Button-pushing explorers: How to grasp that AI agents can do amazing things while knowing nothing
- Written by Ji Y. Son, Professor of Psychology, California State University, Los Angeles
The nonprofit ARC Prize Foundation[1] on May 1, 2026, released the results of a new benchmark[2]: a test of an AI system’s ability to solve a game. The results were striking – humans scored 100%, while the most advanced AI systems scored under 1%.
At first glance, this may be surprising to users of AI who are impressed by its polished essays, codebases and multistep projects generated in seconds. How can these brilliant AI systems struggle with these simple Tetris-shape puzzles?
That confusion points to a risk: AI is becoming integrated into everyday life faster than people can make sense of it.

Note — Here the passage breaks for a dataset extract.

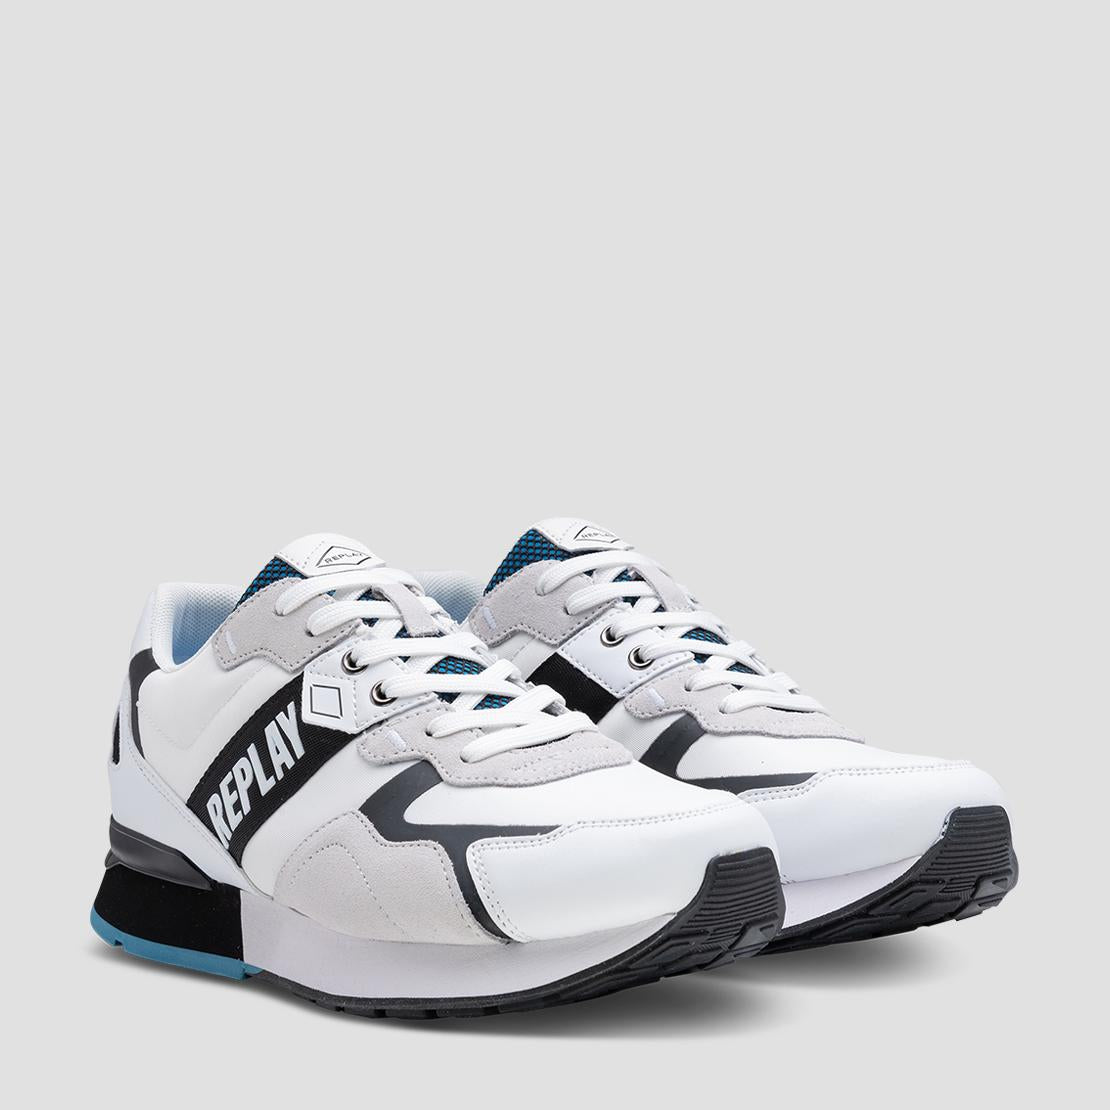 REPLAY "Adrien Game 3" RS1D0048T White/Blue

We are cognitive psychologists[3] who study[4] how to teach difficult concepts. To recognize the limits and risks of today’s AI agent systems, it’s important for people to grasp that the systems can both accomplish superhuman feats and make mistakes few humans would. To that end, we propose a new way to think about AIs: as button-pushing explorers.
Mental models for AI
We teach college students, a group rapidly incorporating AI tools into their daily routines. That gives us regular opportunities to ask what they think is going on with AI. The answers vary widely. One student said that someone at OpenAI or Anthropic is reading and approving every response the system generates. Another, more succinctly, said, “It’s magic.”
These responses illustrate two tempting ways of making sense of AI. At one extreme, AI is treated as an inscrutable black box – a powerful but ultimately mysterious force. At another, people explain it using the same assumptions they use to understand other humans: that its outputs reflect reasoning or judgment.

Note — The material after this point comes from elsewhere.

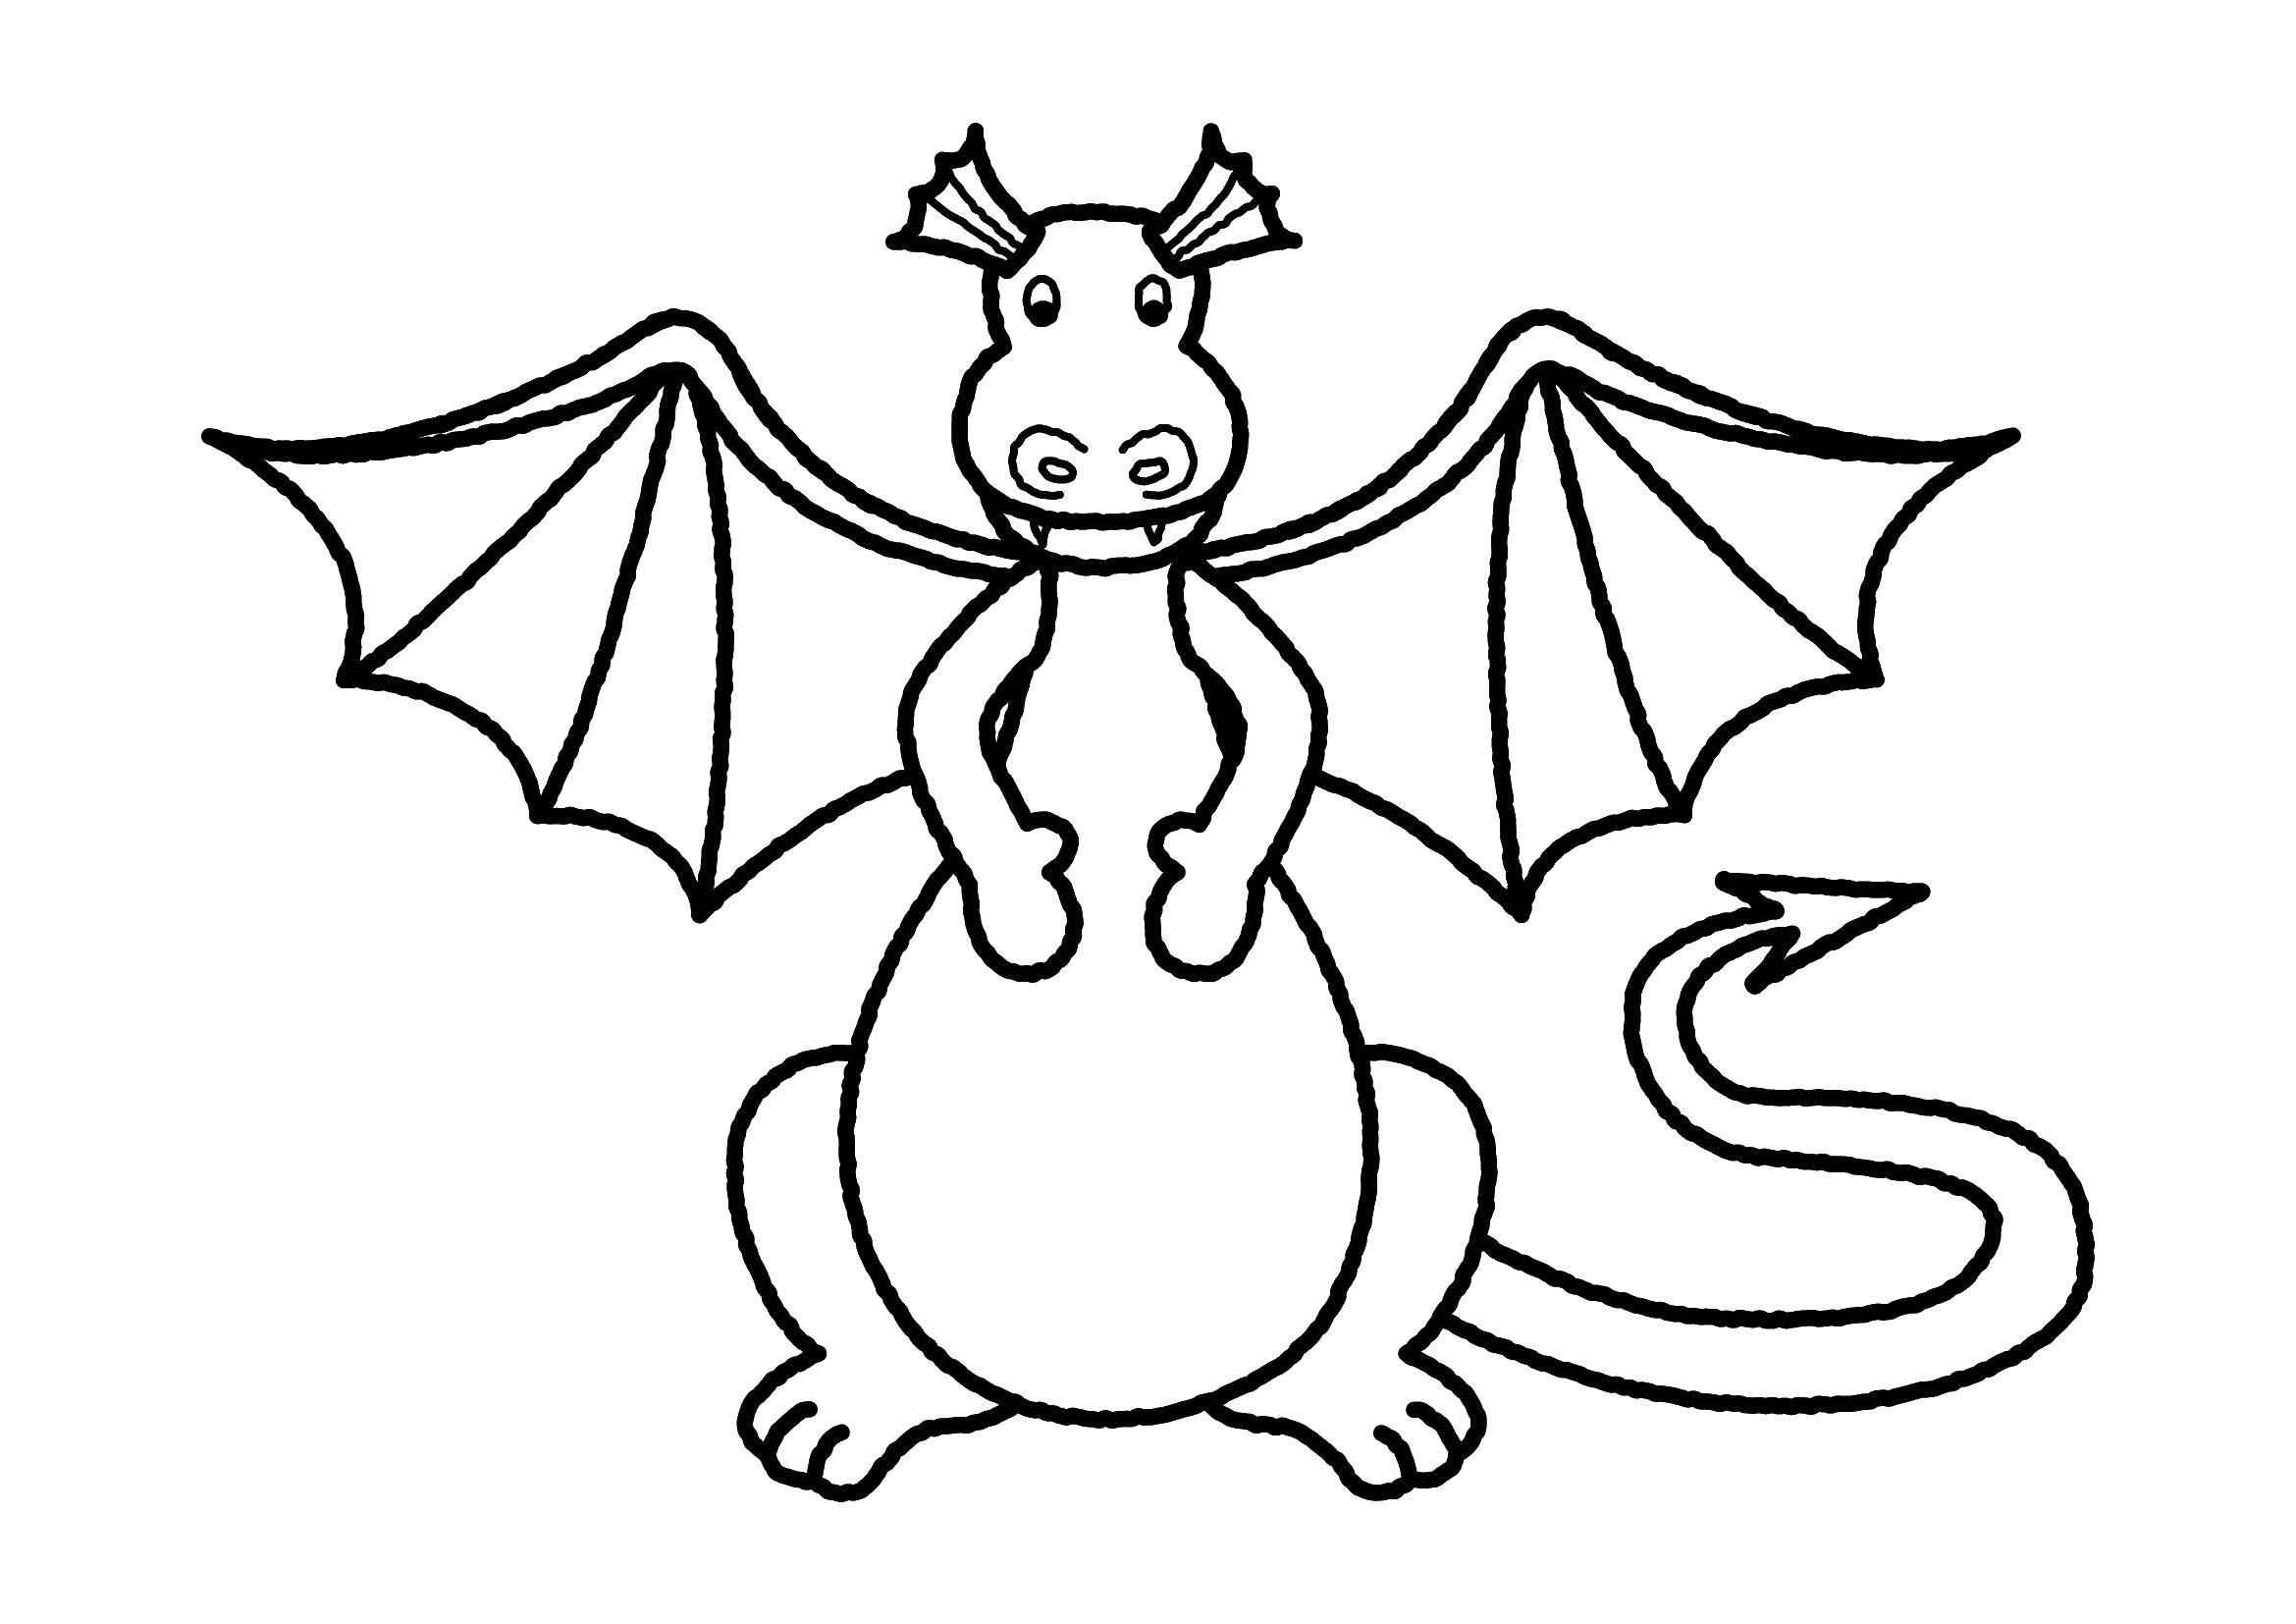 Coloring Little dragon. Category Dragons. Tags:  dragons, wings, dragons.

The worry is that these misinterpretations don’t go away as users gain more experience interacting with AI, and they might get reinforced[5]. When AI performs well, its output can feel like evidence of understanding or confirmation that it really is something like magic. That apparent success makes it harder to question what the system is actually doing. Biases can seem logical or inevitable; harmful behavior can look like a deliberate choice or even fate, as if it could not have gone any other way.
Cognitive scientist Anil Seth explains why AIs don’t have – and won’t have – consciousness.Saying that AI models are shaped by patterns in data, training processes and system design is true, but that’s too abstract to tell people when to trust the systems’ outputs or when they might fail. To help people avoid misplaced trust in AI, AI literacy efforts will need to include some mechanistic understanding of what produces their behavior – explanations that are perhaps not perfectly accurate but useful. Statistician George Box[6] once wrote[7], “All models are wrong, but some are useful.”

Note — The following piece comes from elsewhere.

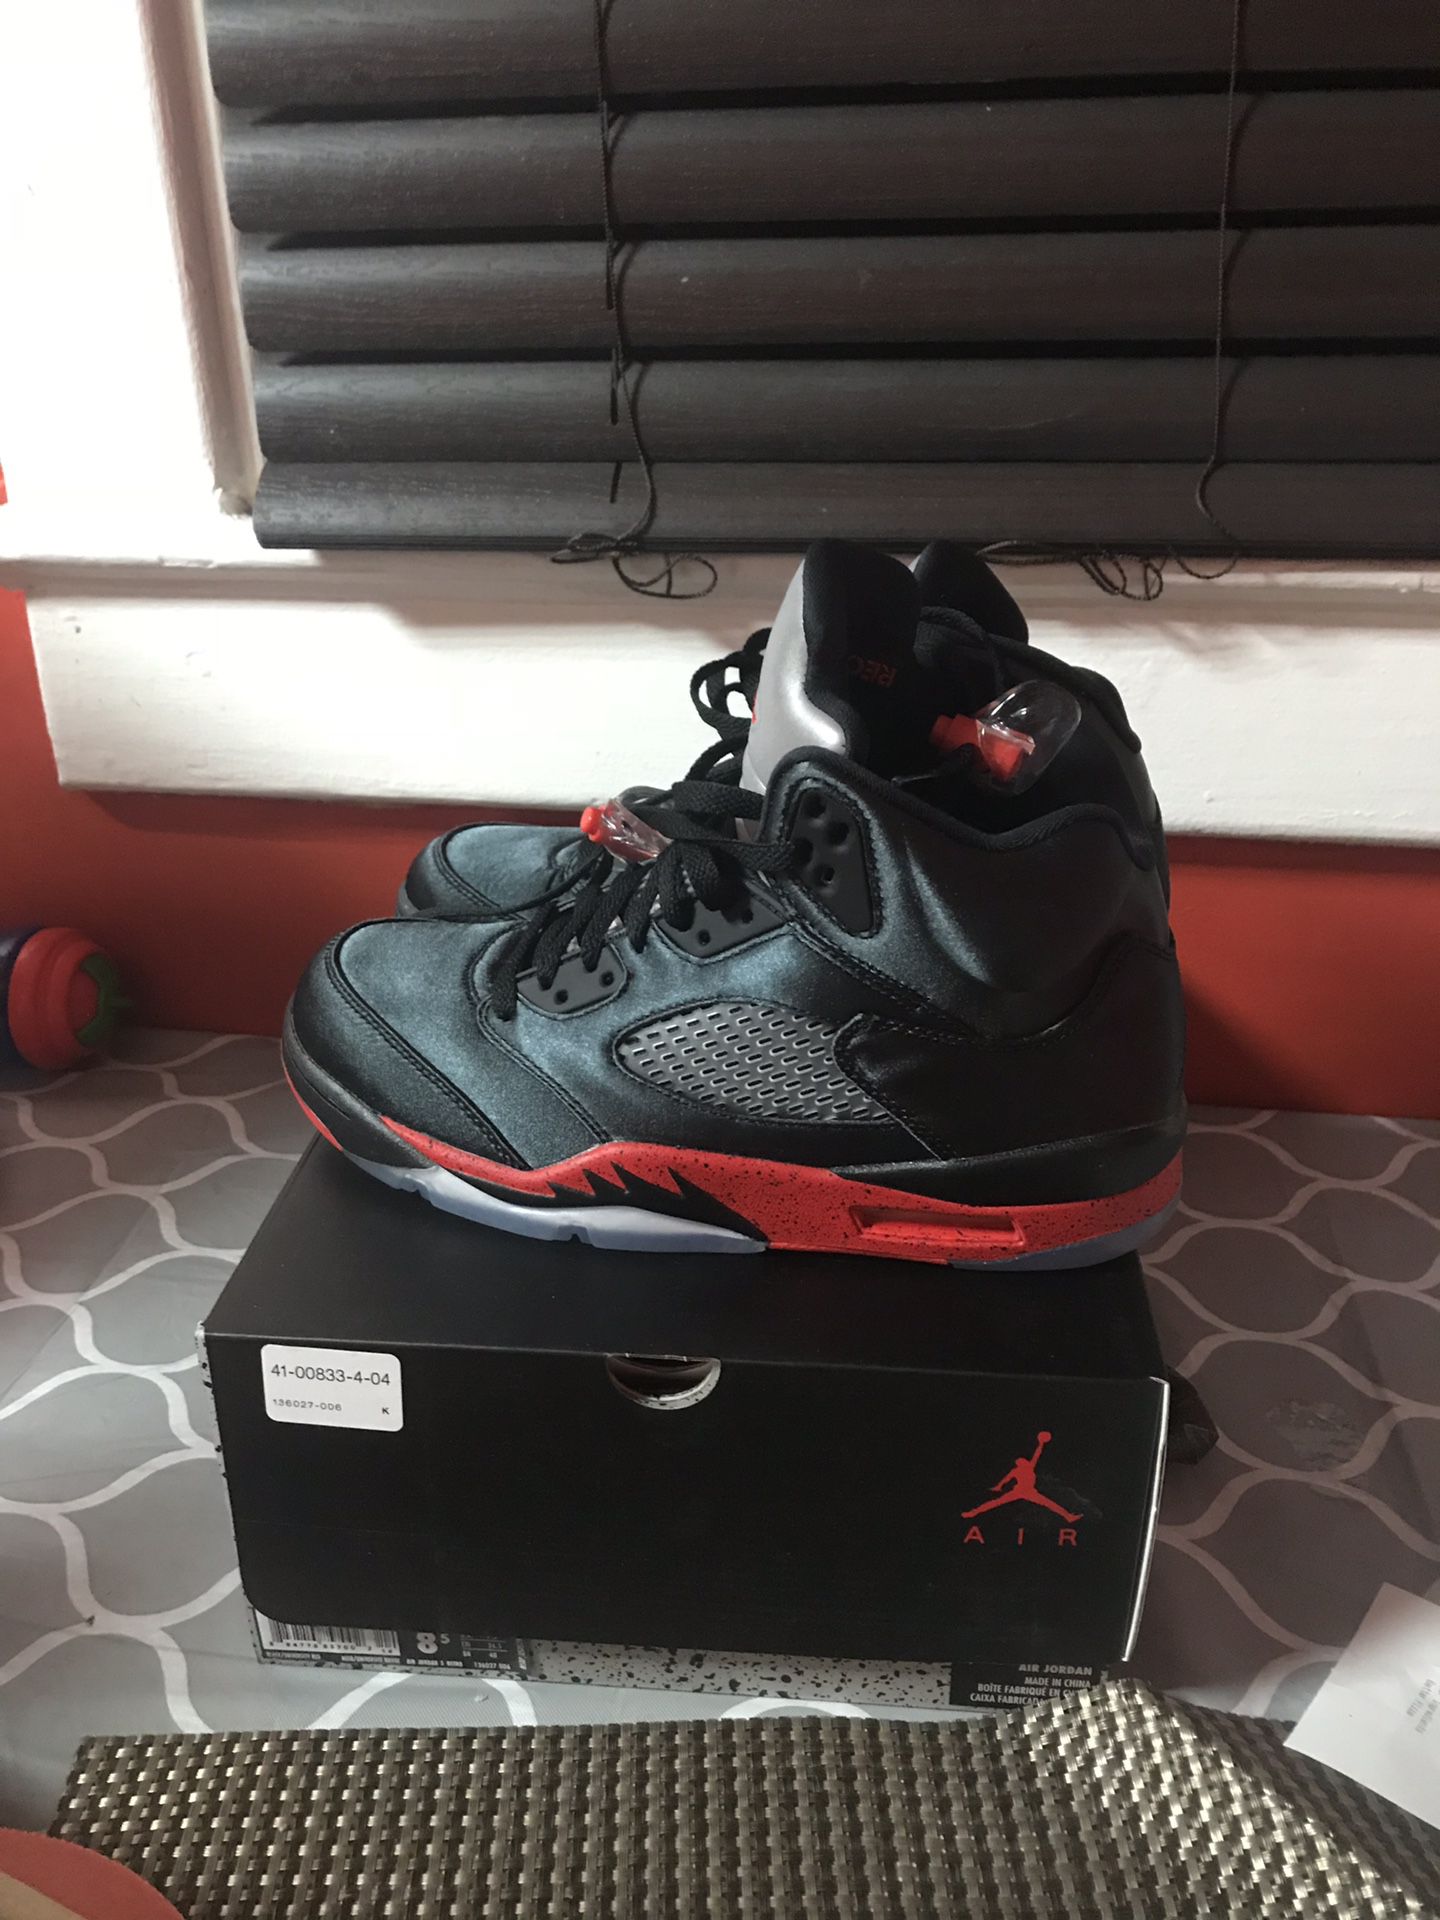 Jordan Retro 5 Nov 2018 8.5 with receipt of purchase from foot action.

Researchers have come up with several mental models for large language models. One is “stochastic parrot[8],” which shows that the models use statistical methods – stochastic refers to probabilities – to mimic responses with no understanding of meaning. Another is “bag of words[9],” which emphasizes that the models are collections of words – for example, all English words found on the internet – with a mechanism for giving you the best set of words based on your prompt.
These ways of thinking about large language models were never meant to be complete accounts of the systems. But the metaphors serve an important cognitive purpose: They push back against the idea that fluent language is necessarily caused by humanlike understanding.
But as the AI systems people use are increasingly powerful agents capable of stringing together actions on their own, it’s important for people to have a different kind of mental model: one that explains how they act. One place to find such a model is in earlier research on AI systems that learned to play Atari 2600 games. These systems didn’t understand the games the way humans do, but they still managed to rack up a lot of points.
The simple loop: Act, observe, adjust
Imagine a neural network, a relatively simple kind of AI model, placed into a video game it has never seen before. It does not “understand” the game like a human would. It has no idea whether it’s shooting space invaders or navigating an ancient pyramid. It doesn’t know the goals or rules.
Instead, it learns to play through a simple loop: Take an action – move left, jump, shoot – observe what changes, and then adjust. If an action leads to a good outcome, such as gaining points, it adjusts to become more likely to take similar actions in similar situations. If it leads to a bad outcome, such as losing a life, it adjusts in the opposite direction.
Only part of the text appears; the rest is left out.